Он взял со столика черепаховый портсигар, открыл его и поправил содержимое. Затем подошел к зеркалу и оттянул нижние веки; он почувствовал, как его глаза наливаются кровью.
– Вот. Извините. Спокойной ночи.
Он выключил свет и ушёл.
– Разве портсигар был на столике все это время? – спросил Сунсукэ.
– Я не заметил, – ответил Юити.
Вернувшись из Киото, Юити почувствовал, что у него сердце разрывается от горя при мысли о Кёко. Как и рассчитывал Сунсукэ, гордый юноша позвонил ей. Она некоторое время обиженно хмыкала и нерешительно тянула, размышляя, соглашаться или нет, но когда Юити уже был готов повесить трубку, торопливо сказала ему, где и когда они могут встретиться.
Близились экзамены. Юити зубрил экономику, но, когда сравнил настоящие успехи с подготовкой к прошлогодним экзаменам, он был удивлен своей неспособностью сосредоточиться. Он утратил чистую восторженную радость, которую обычно чувствовал, когда лихорадочно погружался в различные вычисления. Этот молодой человек научился приёму быть наполовину в контакте с реальностью, а наполовину презирать её. Под влиянием Сунсукэ он предпочитал находить во всем лишь притворство. Страдания, которые он увидел во взрослом мире с тех пор, как познакомился с Сунсукэ, были совершенно неожиданными. Вначале поведение Сунсукэ забавляло Юити. Он попирал свою репутацию – без оглядки или, еще хуже, со взрывами садистского смеха удовольствия, радости от содеянного.

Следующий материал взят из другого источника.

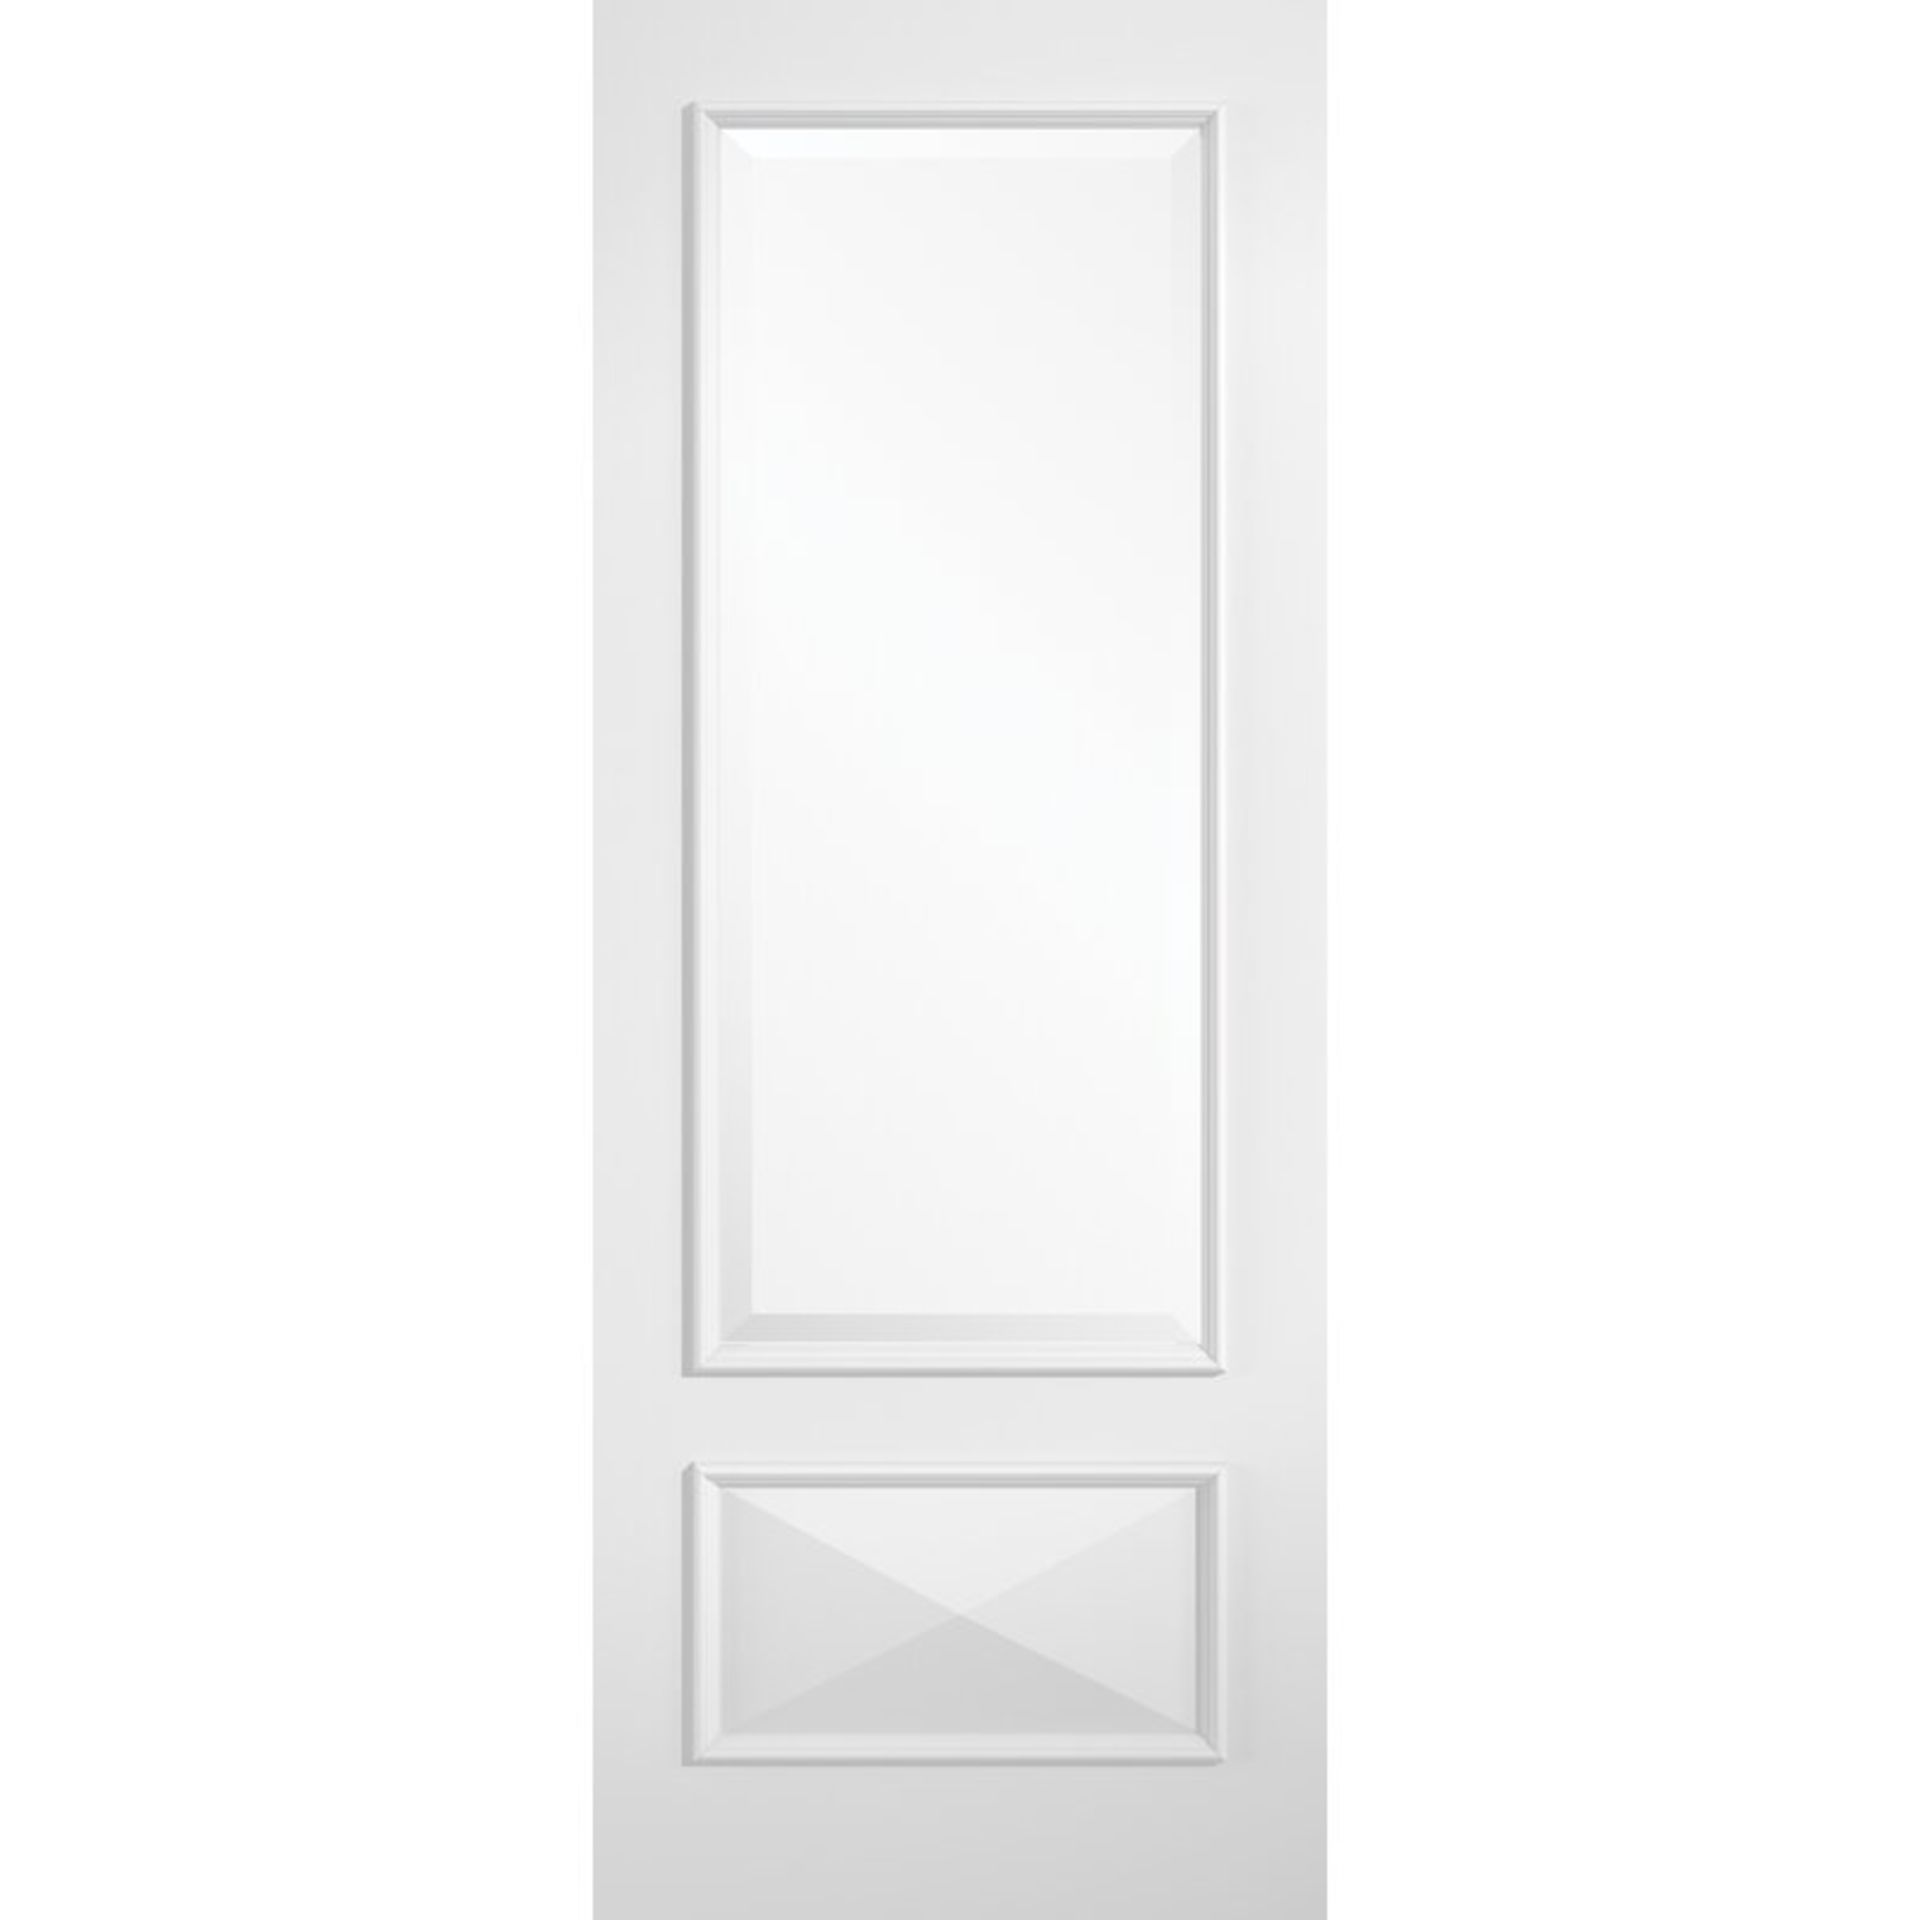 KNIGHTSBRIDGE INTERNAL SOLID DOOR. DOOR SIZE:198CM H x 68CM W x3.5CM D. RRP £719.99

В назначенный день Юити пришёл на пятнадцать минут позже условленного часа к магазину, где ждала его Кёко. Кёко стояла на тротуаре перед магазином, беспокойно переминаясь с ноги на ногу. Она крепко сжала руку Юити и пожаловалась, что он не обращает на псе внимания. Нужно сказать, что её совершенно ординарная внешность несколько поуменьшила энтузиазм Юити.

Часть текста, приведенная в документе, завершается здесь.